Background/Purpose:

Gout, the leading cause of inflammatory arthritis, is becoming increasingly prevalent worldwide, affecting both developed and developing countries. This condition results from the deposition of uric acid crystals in joints and bursal tissues, particularly in individuals with hyperuricemia, causing intense inflammation and severe pain. In the joints, macrophages engulf MSU crystals, activating TLR2/4, which subsequently triggers the NLRP3 inflammasome and NF-κB activation. IRAK4, a crucial kinase in the TLR/IL-1R signaling pathway, interacts with Myd88 to form the myddosome, initiating the production of proinflammatory cytokines via NF-κB activation. This leads to IL-1β secretion and neutrophil influx, resulting in inflammation and joint damage. In this study, we aimed to elucidate the anti-inflammatory mechanism of the IRAK4 inhibitor (PF06650833) by examining MSU-induced pro-inflammatory mediators in human PBMCs.

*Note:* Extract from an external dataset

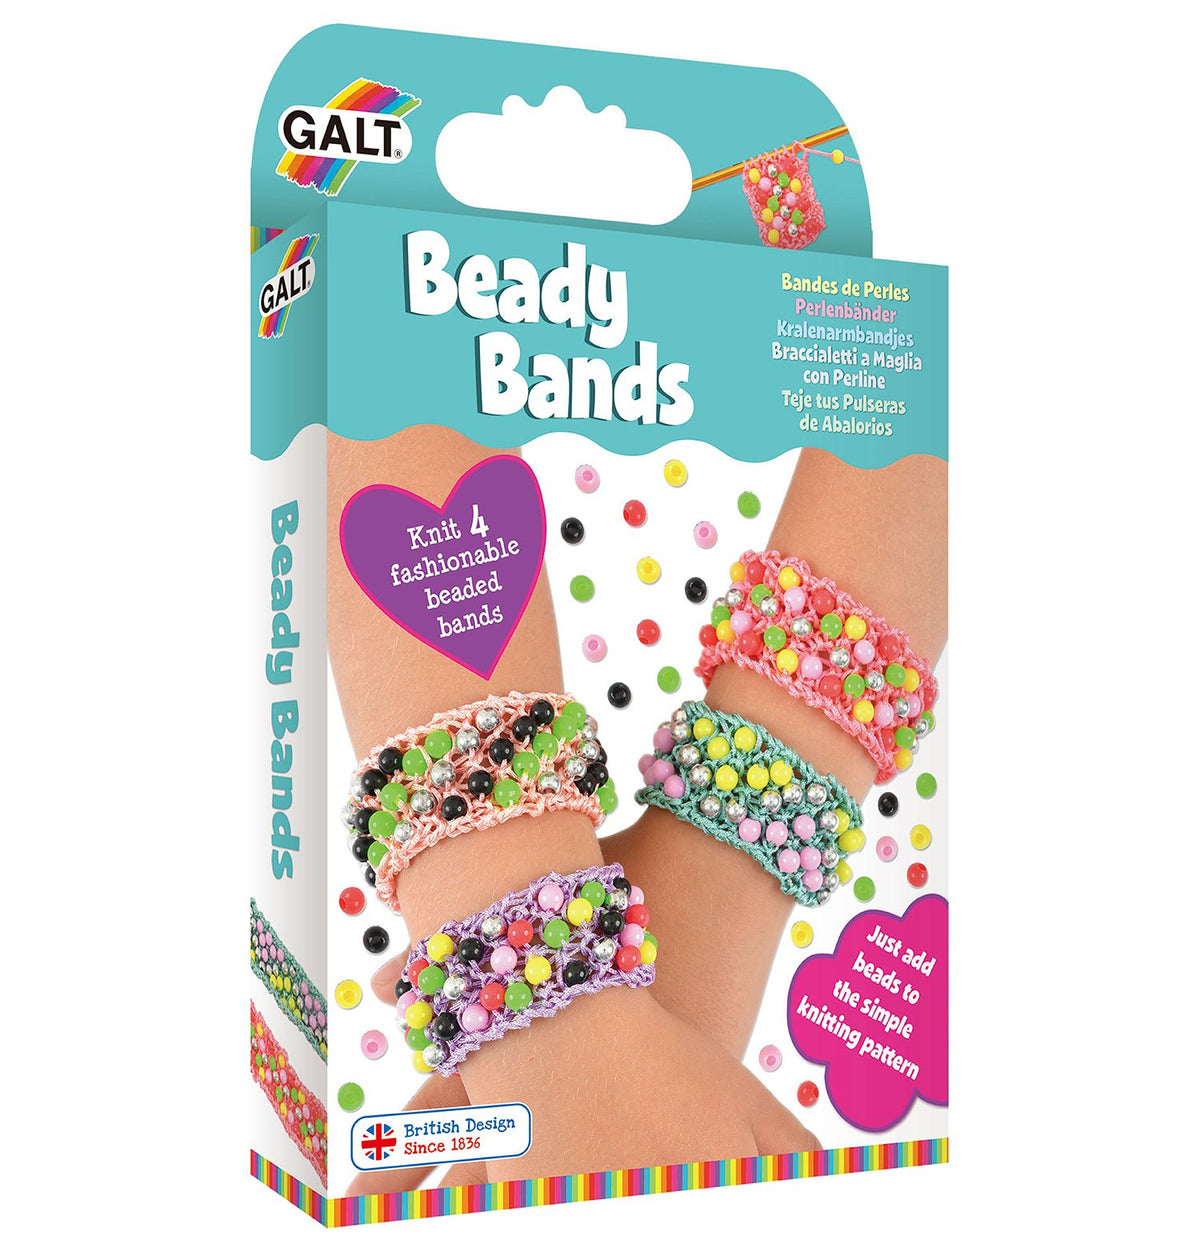 Beady Bands - Galt

Methods: Human PBMCs were pretreated with 1 µM IRAK4 inhibitor (IRAK4i) overnight, followed by stimulation with 100 µg/ml MSU for either 30 minutes or 24 hours. Conditioned medium was collected for ELISA and RNA was extracted for qPCR to quantify levels of IL-1β, IL-18, TNF-α, IL-6, IL-8, and TGFβ. Cell lysates were prepared to analyze various TLR/IL-1β signaling proteins, including phosphorylated IRAK4, P38, ERK, and JNK. Phagocytosis was assessed using a Vybrant™ phagocytosis assay kit in PBMCs.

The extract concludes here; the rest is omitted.